In cross-compilation, two machines are involved:
| Role | Description | Example |
|---|---|---|
| Host | Where compilation happens | x86-64 workstation, Ubuntu 22.04 |
| Target | Where the compiled model runs | ARM Cortex-A72 (Raspberry Pi 4) |
TVM cleanly separates these through its Target string and the RPC (Remote Procedure Call) system:
┌─────────────────────────────┐ ┌──────────────────────────┐
│ HOST (x86-64) │ │ TARGET (ARM) │
│ │ │ │
│ ┌───────────┐ │ RPC │ ┌──────────────────┐ │
│ │ TVM │ compile │ ────▶ │ │ tvm_rpc_server │ │
│ │ Compiler │──────────▶ │ │ │ │ │
│ └───────────┘ .tar module │ │ │ load & execute │ │
│ │ │ └──────────────────┘ │
│ ┌───────────┐ │ │ │
│ │ AutoTune │ tune via │ ◀───▶ │ measure real latency │
│ │ Engine │ RPC │ │ │
│ └───────────┘ │ └──────────────────────────┘
└─────────────────────────────┘
The TVM target string encodes the ISA, features, and runtime:
# Raspberry Pi 4 (Cortex-A72, ARMv8-A, NEON)
target_rpi4 = tvm.target.Target(
"llvm -device=arm_cpu -mtriple=aarch64-linux-gnu "

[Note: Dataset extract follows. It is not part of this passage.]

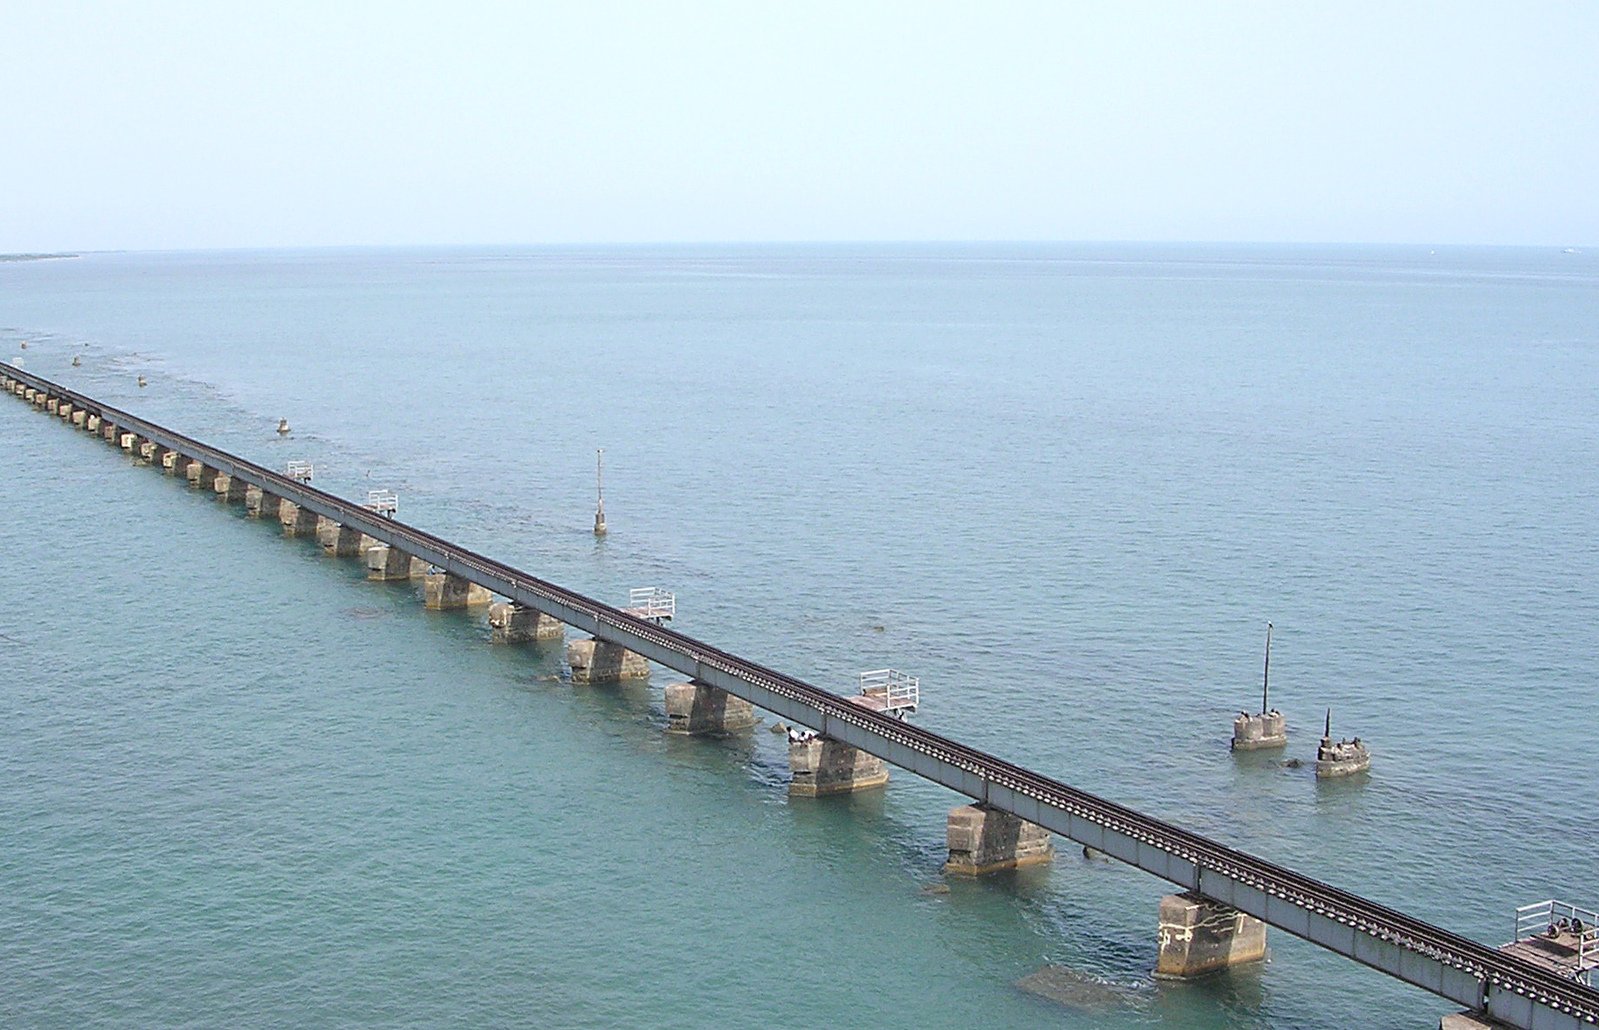 the bridge is connecting two ships to cross a high body of water

"-mattr=+neon,+fp-armv8,+crc"
)
# NVIDIA Jetson Nano (Maxwell GPU + ARM CPU)
target_jetson_gpu = tvm.target.Target("cuda -arch=sm_53")
target_jetson_cpu = tvm.target.Target(
"llvm -device=arm_cpu -mtriple=aarch64-linux-gnu -mattr=+neon"
)
# Cortex-M4 microcontroller (no OS, Thumb-2 ISA)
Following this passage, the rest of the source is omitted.